If a state raises benefits and wishes to balance that action to maintain solvency, it can do so by increasing its revenue stream. While this is not a novel concept, “the devil is in the detail.” Does a state raise the employer tax base, change the tax tables so that the levies produce the newly needed amounts, impose surcharges or solvency taxes, combine all of these, or create another option?

A low tax base is not necessarily the sole cause of a state being in debt. At the start of a downturn, the available balance in a state’s trust fund, the responsiveness of a state’s tax system to replenish drawdowns, tax base increases, solvency assessments or surcharges, and diversity in industry and employment mix may all be factors.

Minnesota is a good example (see Table 2). Minnesota has a comparatively high tax base, a very progressive and broad experience rating system (the system by which an employer’s UI tax rate is determined based on their previous use of UI), and a high maximum weekly benefit amount, so our replacement ratio is high. However, even under these conditions, the recession has taken its toll. While our auto and auto parts manufacturing sector is not nearly as important as for the rest of the Great Lakes states, our manufacturing sector overall has experienced substantial losses. Our construction, financial, real estate, and retail trade sectors have mirrored what has happened at the national level, suffering much the same rates of closure, downsizing, and layoff.

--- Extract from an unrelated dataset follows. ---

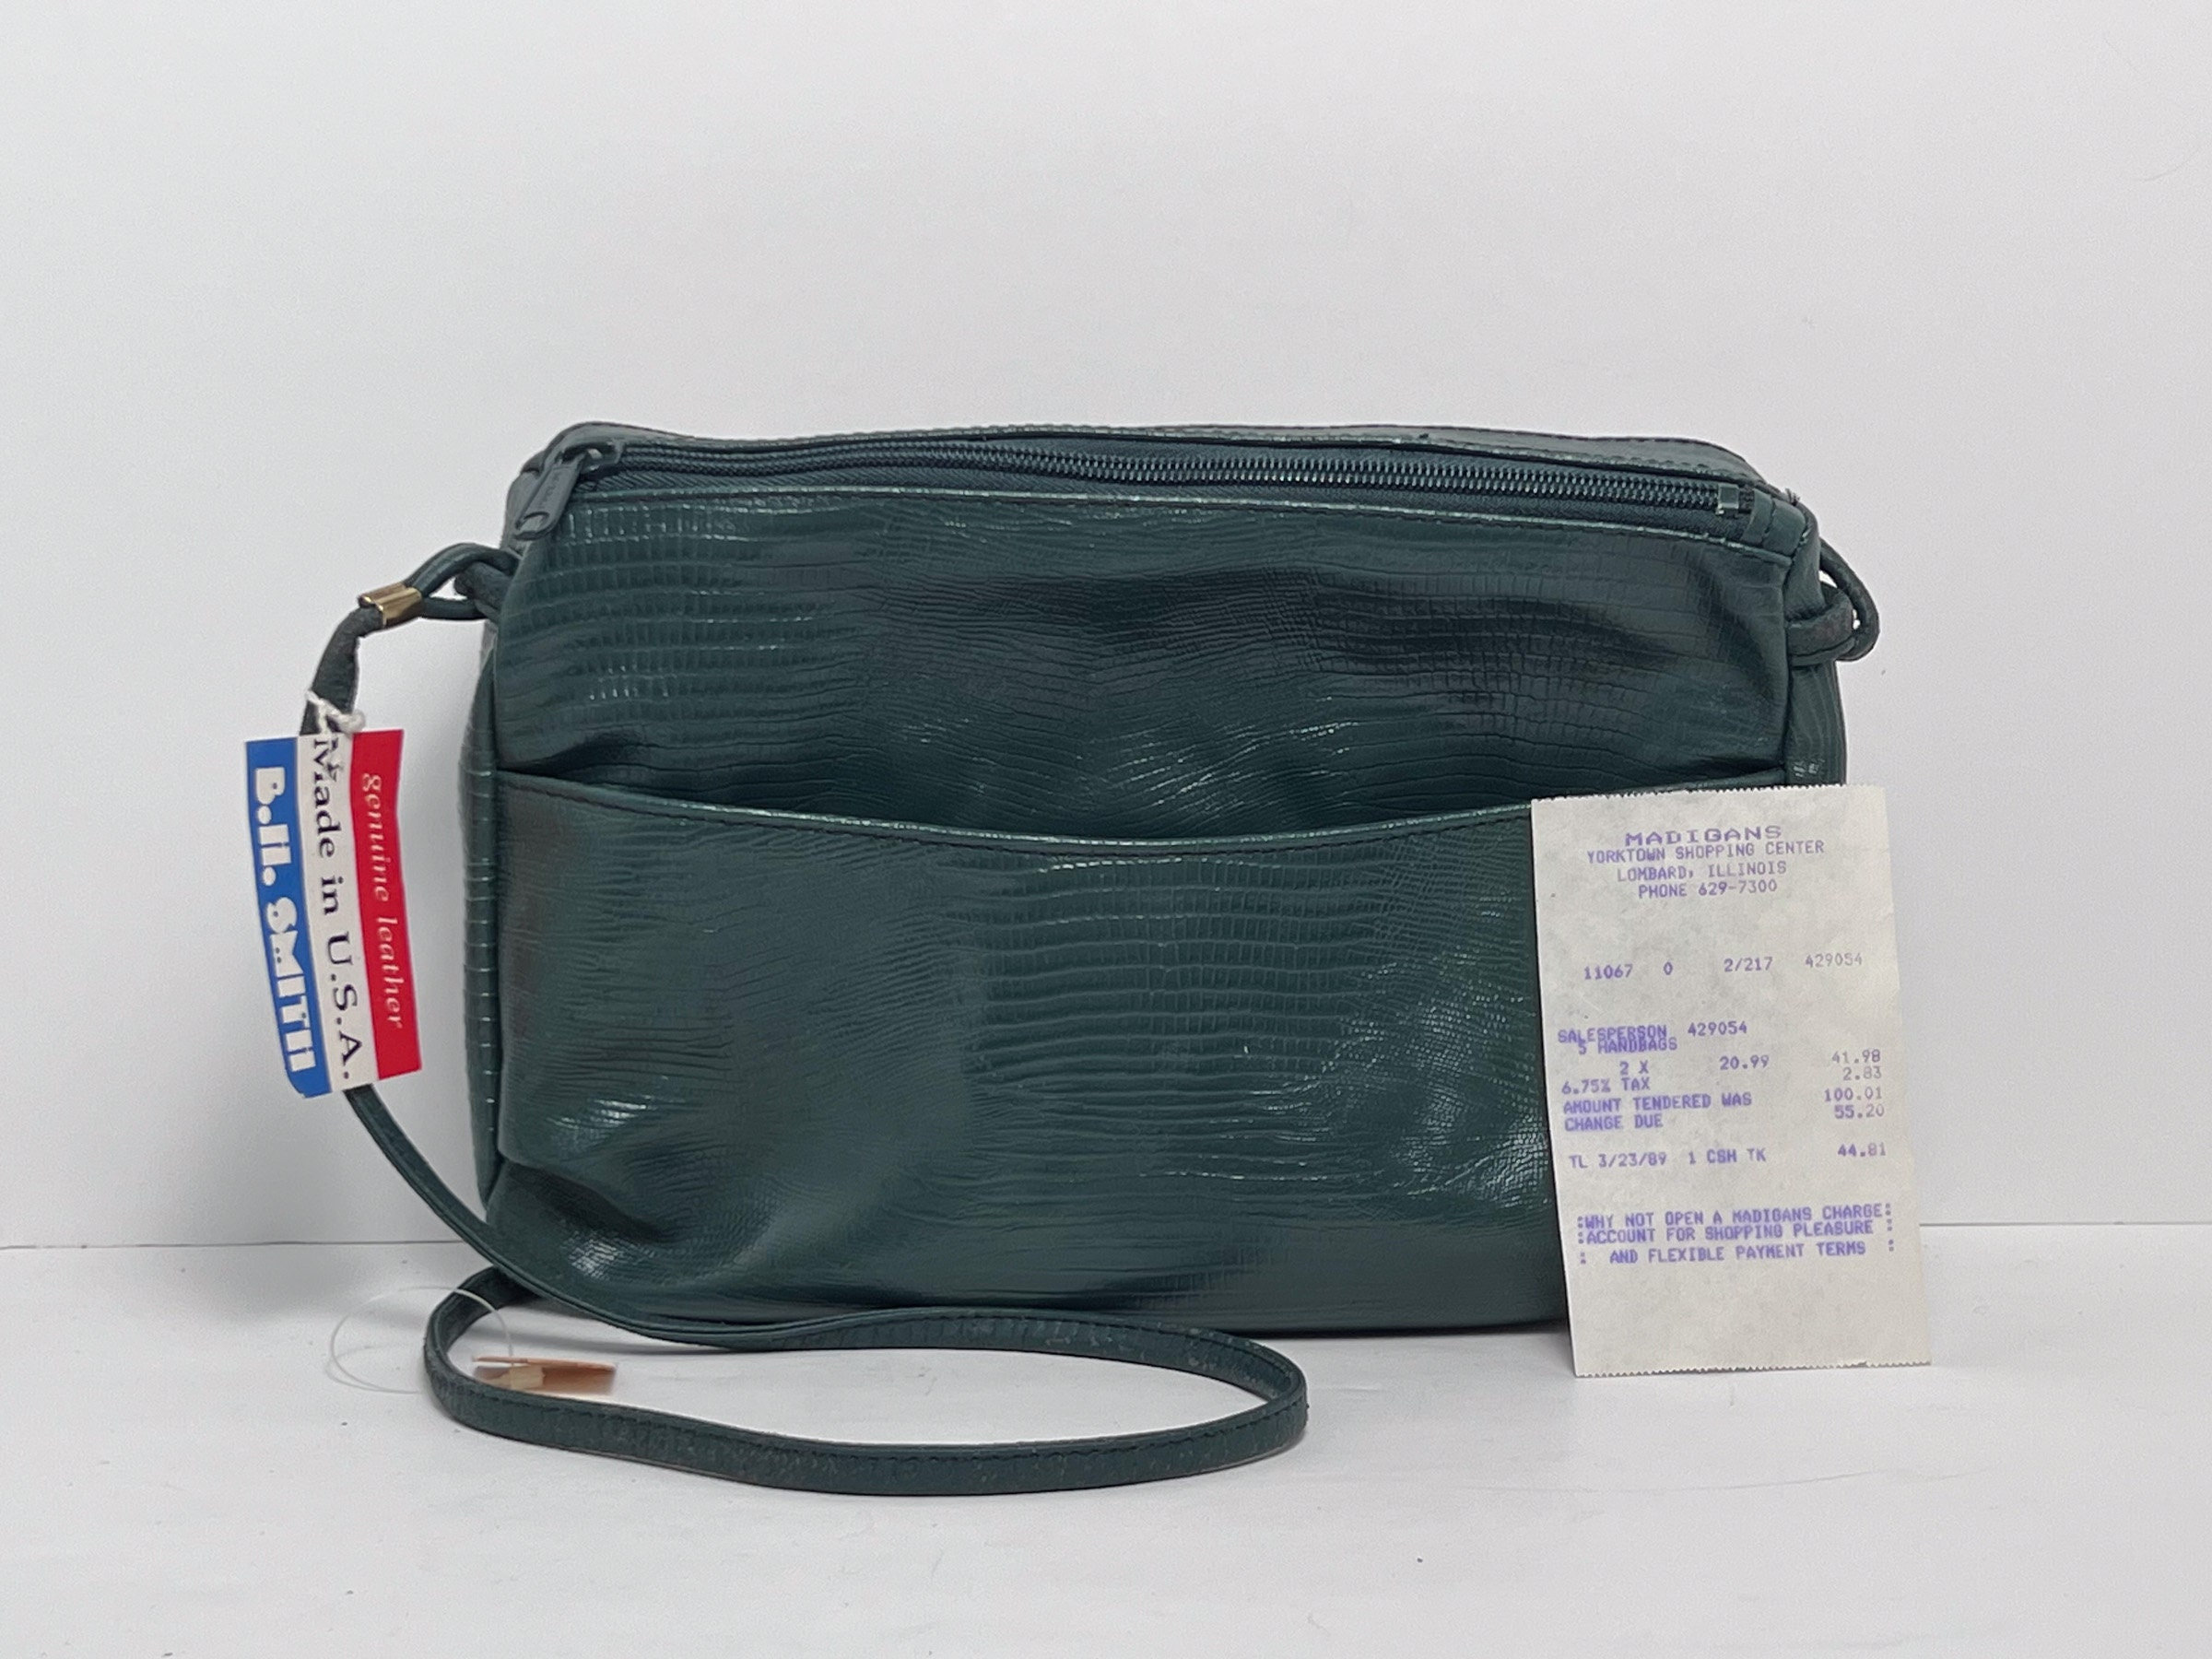 ISABELLE vegan satchel faux croc texture.  Betsey johnson handbags, Purses  and handbags, Kate spade purse black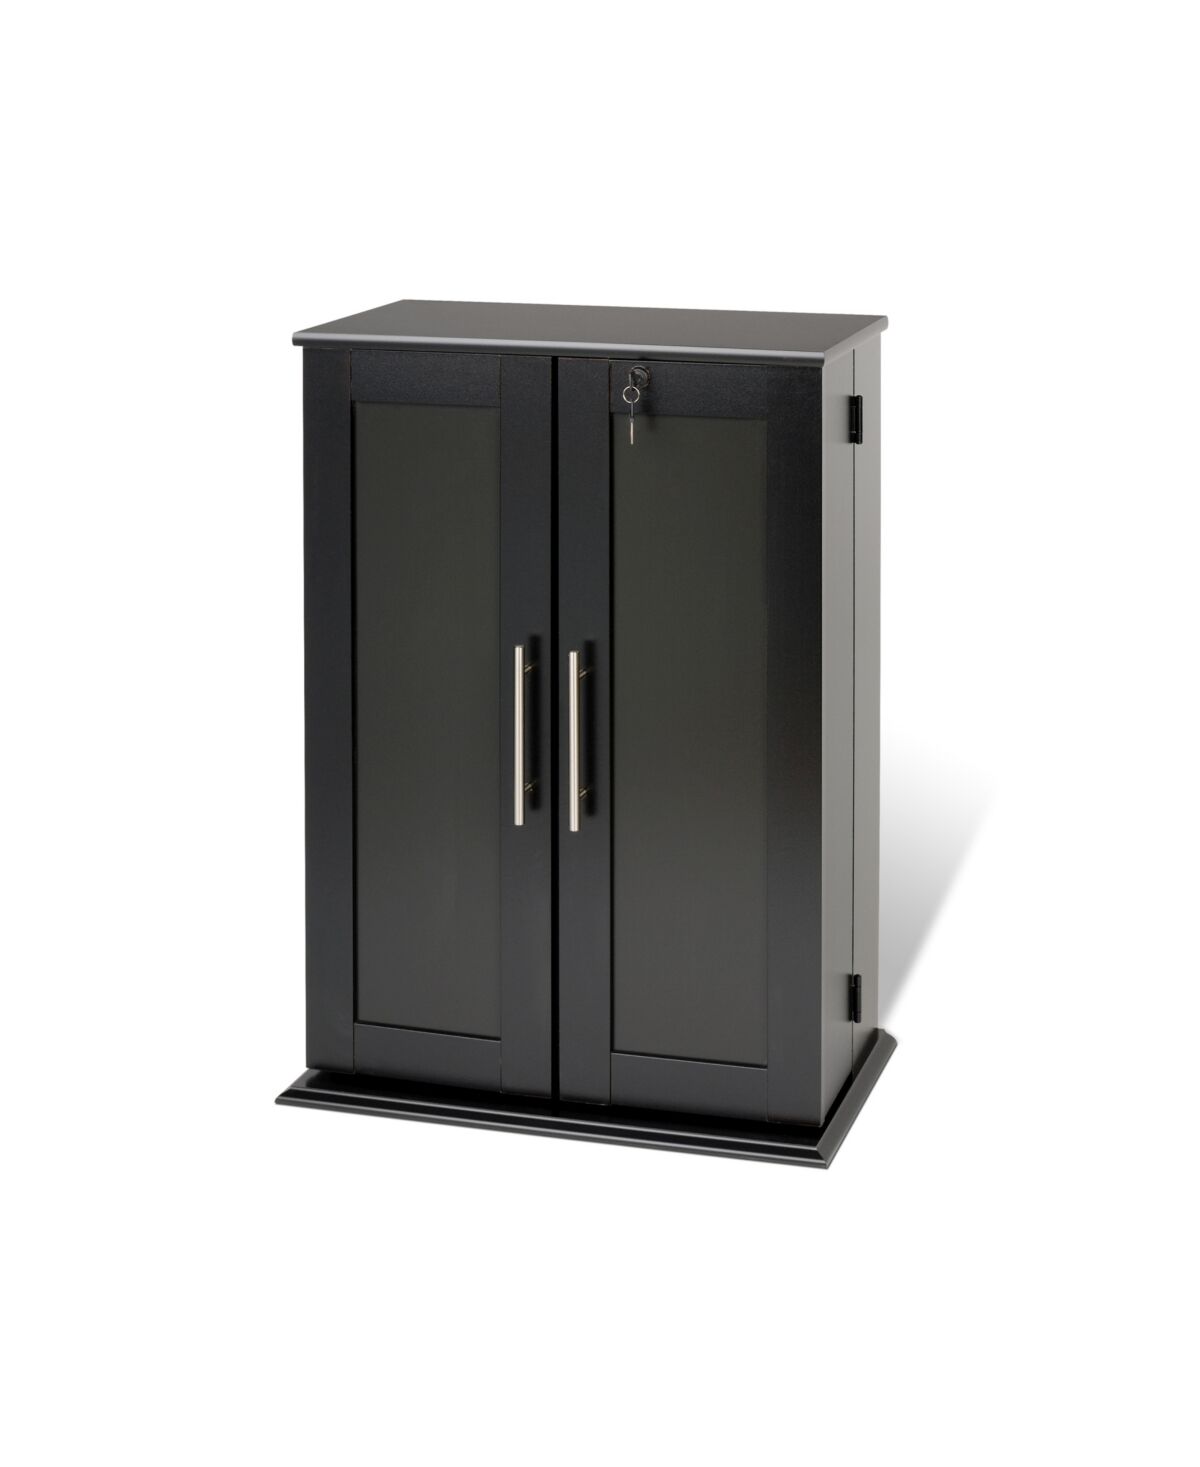 Prepac Locking Media Storage Cabinet with Shaker Doors - Black

The ongoing slump has made demands on Minnesota’s UI benefit and tax systems that have been greater than our ability to fund those demands. We started 2008 with $592 million in our UI Trust Fund; we ended 2008 with $496 million in the fund. By September 15, 2009, we had borrowed $27 million. We went through the $496 million in the fund, an additional $130 million in American Reinvestment and Recovery Act funds, $566 million in Minnesota deposits through July, and an estimated $69 million for August and into September. That means that we have paid out about $1.3 billion in regular UI benefits through mid-September. While Minnesota’s situation is not unique, it is a quick example of how economic conditions can overwhelm a system before it can respond. The UI Trust Fund balance at the start of a downturn, the responsiveness and elasticity of the tax system and the taxable wage base on which taxes are levied all affect whether or not a state remains solvent or goes into debt when mired in a recession of this severity. But this recession has overwhelmed even relatively good planning and policy measures.